# Collections

In Typesense, every record you index is called a Document and a group of documents with similar fields is called a Collection. A Collection is roughly equivalent to a table in a relational database.

# Create a collection

Before we can add documents to Typesense, we need to first create a Collection - we give it a name and describe the fields that will be indexed from our Documents. We call this definition the collection's schema, which is just a fancy term to describe the fields (and their data types) in your documents.

TIP

It might help to think of defining a collection "schema" as being similar to defining "types" in a strongly-typed programming language like Typescript, C, Java, Dart, Rust, etc. This ensures that the documents you add to your collection have consistent data types and are validated, and this helps prevent a whole class of errors you might typically see with mis-matched or inconsistent data types across documents.

Organizing Collections

Read more on how to organize data into collections in this dedicated guide article: Organizing Collections.
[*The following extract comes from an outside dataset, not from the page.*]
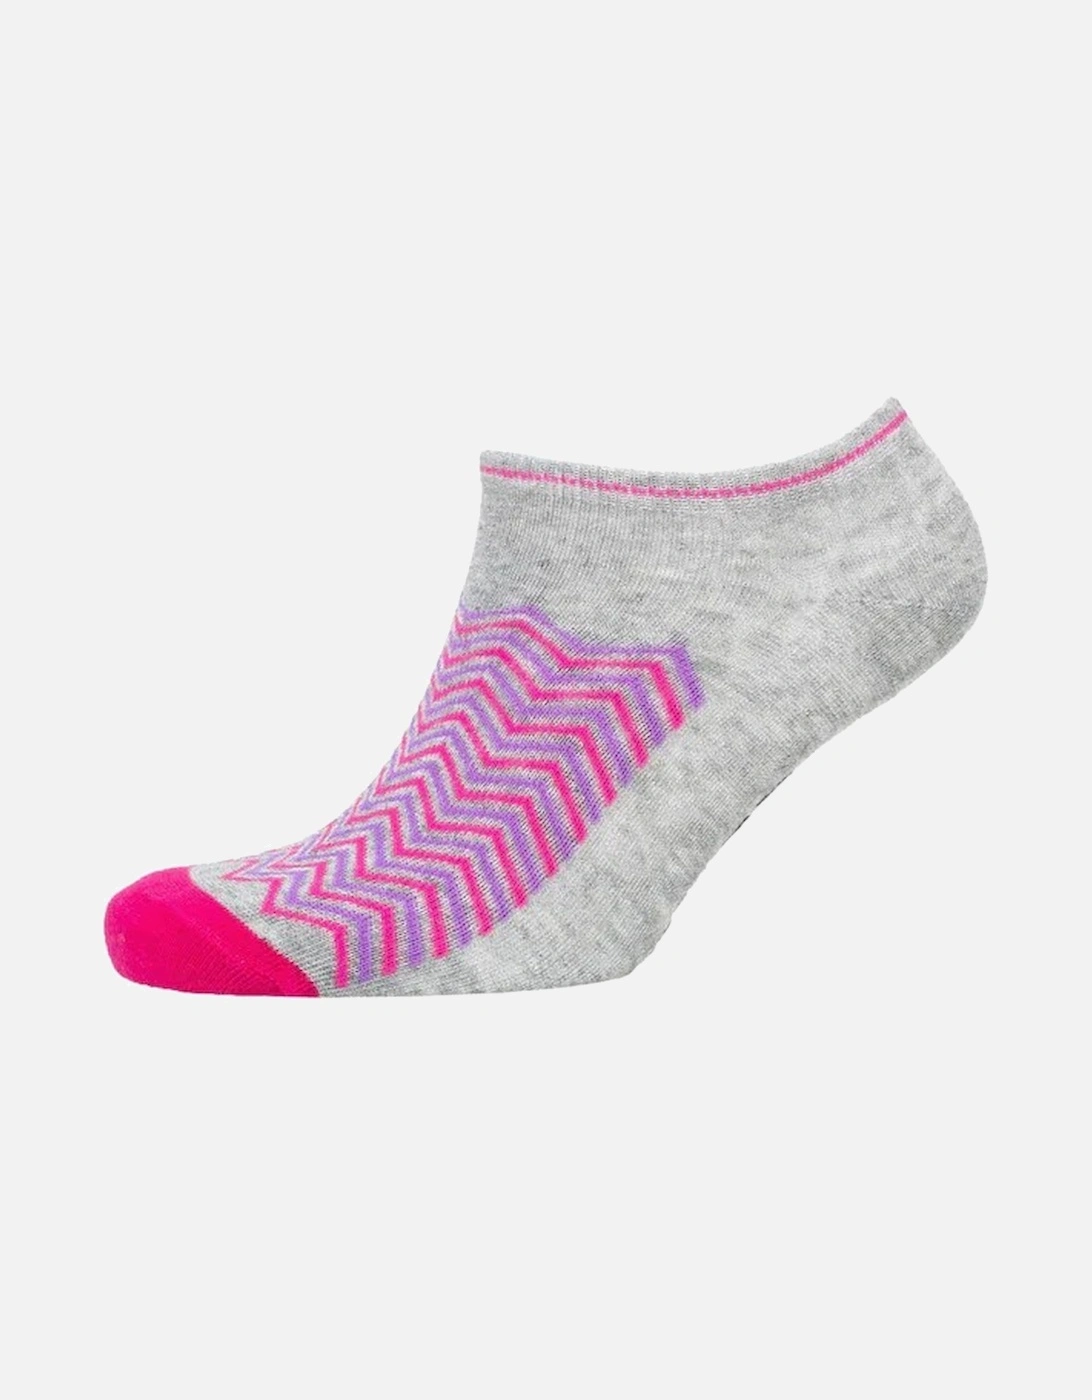 Womens/Ladies Cheveon Trainer Socks (Pack of 3)

There are two ways to specify a schema:

  1. Pre-define all the fields to be indexed from your documents OR
  2. Have Typesense automatically detect your fields and data types based on the documents you index.

The simplest option is #2 where you don't have to worry about defining an explicit schema. But if you need more fine-grained control and/or validation, you want to use #1 or even mix both together.

# With pre-defined schema

Let's first create a collection with an explicit, pre-defined schema.

This option gives you fine-grained control over your document fields' data types and configures your collection to reject documents that don't match the data types defined in your schema (by default).

If you want Typesense to automatically detect your schema for you, skip over to auto-schema detection.

See Schema Parameters for all available options, and Field Types for all available data types.

Sample Response

Definition

POST ${TYPESENSE_HOST}/collections

IMPORTANT NOTE & TIP

All fields you mention in a collection's schema will be indexed in memory.

There might be cases where you don't intend to search / filter / facet / group by a particular field and just want it to be stored (on disk) and returned as is when a document is a search hit. For eg: you can store image URLs in every document that you might use when displaying search results, but you might not want to text-search the actual URLs.

You want to NOT mention these fields in the collection's schema or mark these fields as index: false (see fields schema parameter below) to mark it as an unindexed field. You can have any number of these additional unindexed fields in the documents when adding them to a collection - they will just be stored on disk, and will not take up any memory.

# With auto schema detection

If your field names are dynamic and not known upfront, or if you just want to keep things simple and index all fields you send in your documents by default, auto-schema detection should help you.

You can define a wildcard field with the name .* and type auto to let Typesense automatically detect the type of the fields when you add documents to the collection. In fact, you can use any RegEx expression to define a field name.

When a .* field is defined this way, all the fields in a document are automatically indexed for searching and filtering.

# Data Coercion

Say you've set type: auto for a particular field (or fields) (eg: popularity_score) in a collection and send the first document as:

Since popularity_score has type: auto, the data-type will automatically be set to int64 internally.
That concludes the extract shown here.